Je me demande alors dans l’entretien dans quelle mesure ce sentiment de persécution s’enracine dans la réalité. En tout cas, ses propos dénotent des

séances précédentes. Je garde néanmoins mes pensées pour moi. Il poursuit : « Au niveau de l’organisme, j’ai peur de faire un check-up… Bière, bière, bière… Dès que je rencontre quelqu’un comme Jacques, c’est : « T’as pas deux euros ? On boit une bière ». Faut que je m’écarte de tout ça, ça fait deux jours que je le connais. Moi j’aime bien boire une bière tranquille et faire un petit billard. J’ai des maux de tête, je suis allé chez le dentiste, ça va bien mieux, je suis reparti. J’ai l’impression que l’on a envie de me tuer, de m’agresser ».

Lors d’une autre séance, Nobody profite du récit de ses activités professionnelles pour évoquer sa famille : « Mon grand frère s’appelle Gérard et il est chauffeur international dans le Sud. Mais depuis mon incarcération, je ne vois plus ma famille. J’ai envoyé des lettres mais je n’ai jamais eu de réponse. On dit en prison, tu rentres seul et tu sors seul. C’était vrai pour moi. Je pourrais aller sur Sedan, j’aurais peut-être plus de possibilités. Mon problème c’est de ne pas savoir où aller, d’errer sur Sedan, sans rien. Je voudrais trouver un toit. Je me sens inutile, pourtant avant je suis resté longtemps au chômage. Je n’ai plus personne maintenant. Je n’ose pas sortir de chez moi, je n’ose pas non plus sortir de l’argent au Crédit Agricole. J’en ai peur, parce qu’on peut se faire braquer. J’ai peur depuis que je suis sorti de prison, avant ma porte était toujours ouverte pour tout le monde, je prêtais tout.
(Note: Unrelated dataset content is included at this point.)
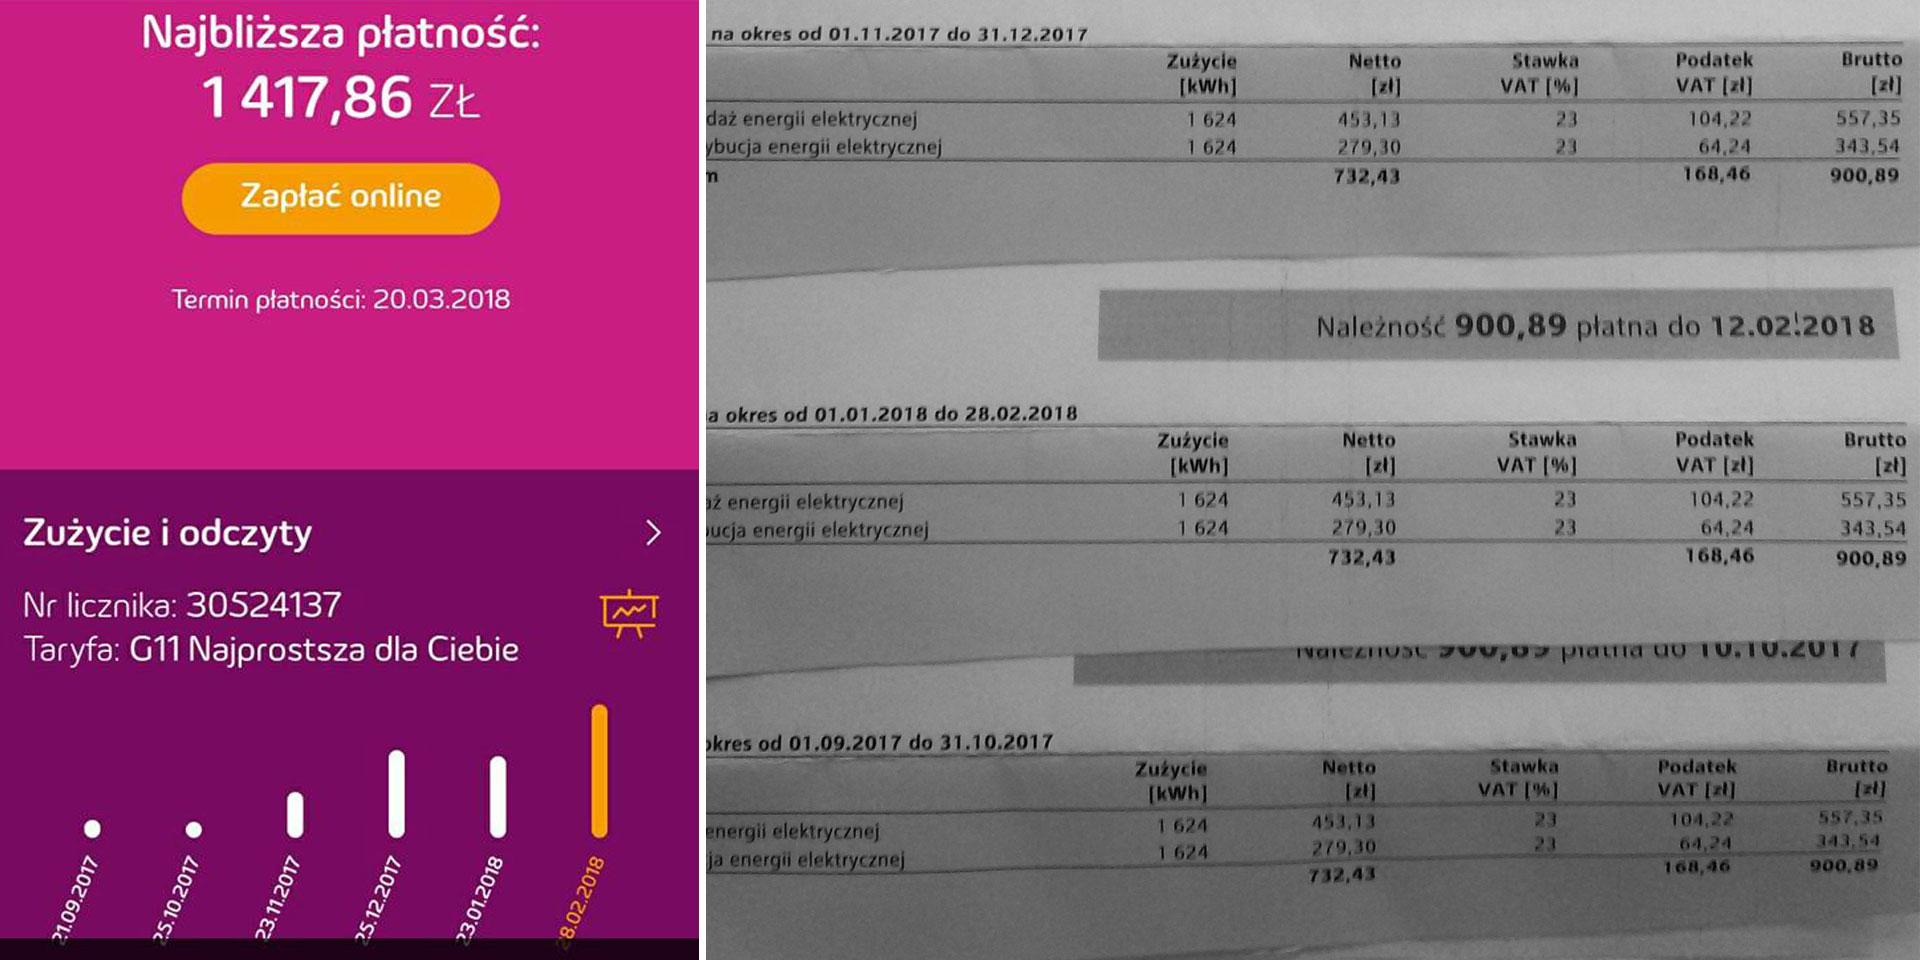 Przykładowe rachunki za prąd. Źródło: WSL

Maintenant j’ai l’impression d’être regardé par tout le monde, j’ai l’impression que c’est marqué sur mon front que je suis un ancien détenu. Ma voisine d’en face avait fait une pétition pour que je sois expulsé de mon logement ».

Les propos de Nobody semblent indiquer un vécu de persécution particulièrement persistant qu’il reste à qualifier et un fort sentiment d’insécurité. De Mijolla-Mellor (2015) écrit qu’une forme atténuée de paranoïa est relativement commune, « mais [elle] se limite à une appréciation inadaptée de soi-même et d’autrui, basée sur la méfiance et une attitude défensive rigide voire une tentative d’emprise sur l’autre afin de prévenir le risque qu’il constitue » (De Mijolla-Mellor, 2015, p. 3). Une augmentation de l’intensité et de la violence de l’investissement de certaines idées suffirait à les caractériser comme étant délirantes, même si elles ne sont pas en soi invraisemblables.
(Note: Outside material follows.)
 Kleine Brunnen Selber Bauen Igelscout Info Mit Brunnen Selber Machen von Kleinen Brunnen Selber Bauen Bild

Nobody dit être regardé et épié, puis il dit être suivi par une personne ou par un groupe de personnes qui pourraient lui voler ses papiers. Ses propos m’amènent à douter à de nombreuses reprises du bien-fondé d’une telle plainte mais je ne suis pas en mesure d’établir l’authenticité de cette menace. Cette insécurité permanente existe bel et bien et nous pouvons la comprendre comme étant à la mesure de l’urgence de trouver un toit pour ne pas errer et être offert en pâture à l’insondable regard des autres. De plus, Nobody considère que c’est au moment où il sort de prison que ses difficultés commencent. Ce sentiment de persécution pourrait donc se penser autrement à la lumière de certains travaux sur les conséquences psychologiques et sociales d’une sortie de prison.
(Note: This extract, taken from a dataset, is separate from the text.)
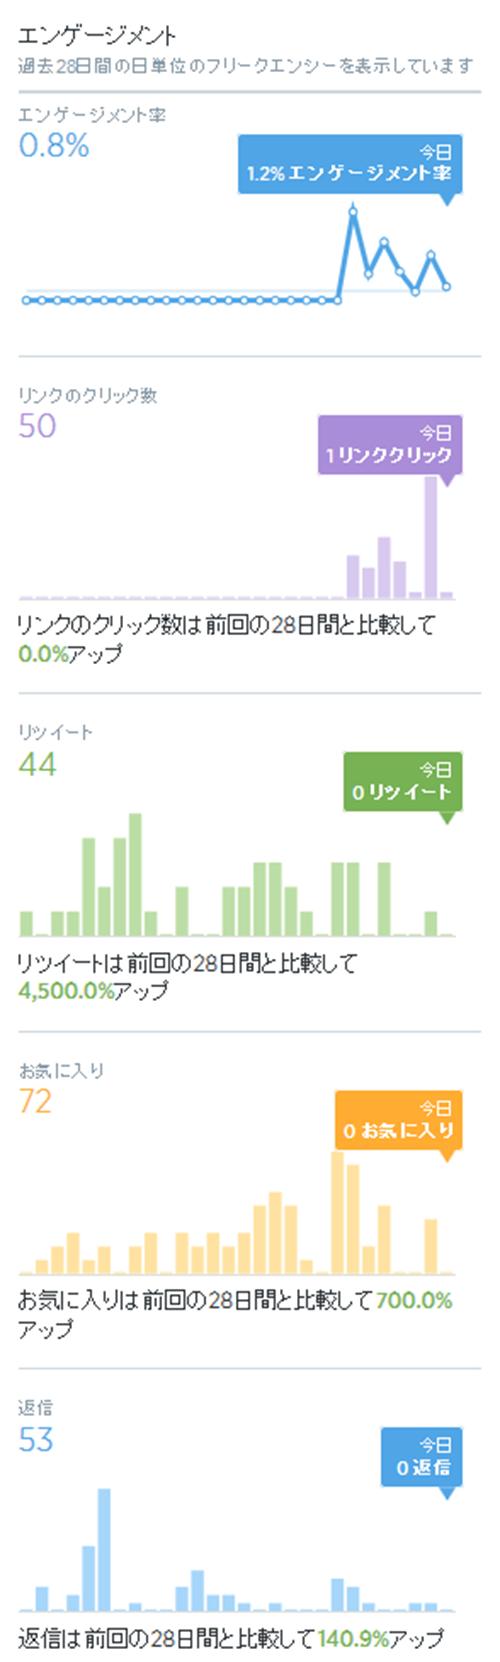 その他のクラフ

Quelques études révèlent l’importance capitale de la continuité de la prise en charge lorsque les addictés incarcérés sont libérés : en 2001, l’Observatoire français des drogues et des toxicomanies relève que la continuité de soins est identifiée

comme l’un des contextes de prise en charge les plus problématiques. Elle constitue une discontinuité funeste qui peut occasionner une rupture de la prise en charge si elle n’est pas maintenue à l’extérieur et donc des rechutes (Prudhomme, Verger, & Rotily, 2003 ; Golovine, 2004).

A la sortie, l’ancien détenu ne peut plus compter sur le système carcéral pour satisfaire le moindre de ses besoins les plus élémentaires. La prison, malgré les souffrances psychiques qu’elle peut susciter, représente pour Nobody un toit rassurant. Lorsqu’il sort de prison, c’est l’infini du monde qui s’oppose à lui.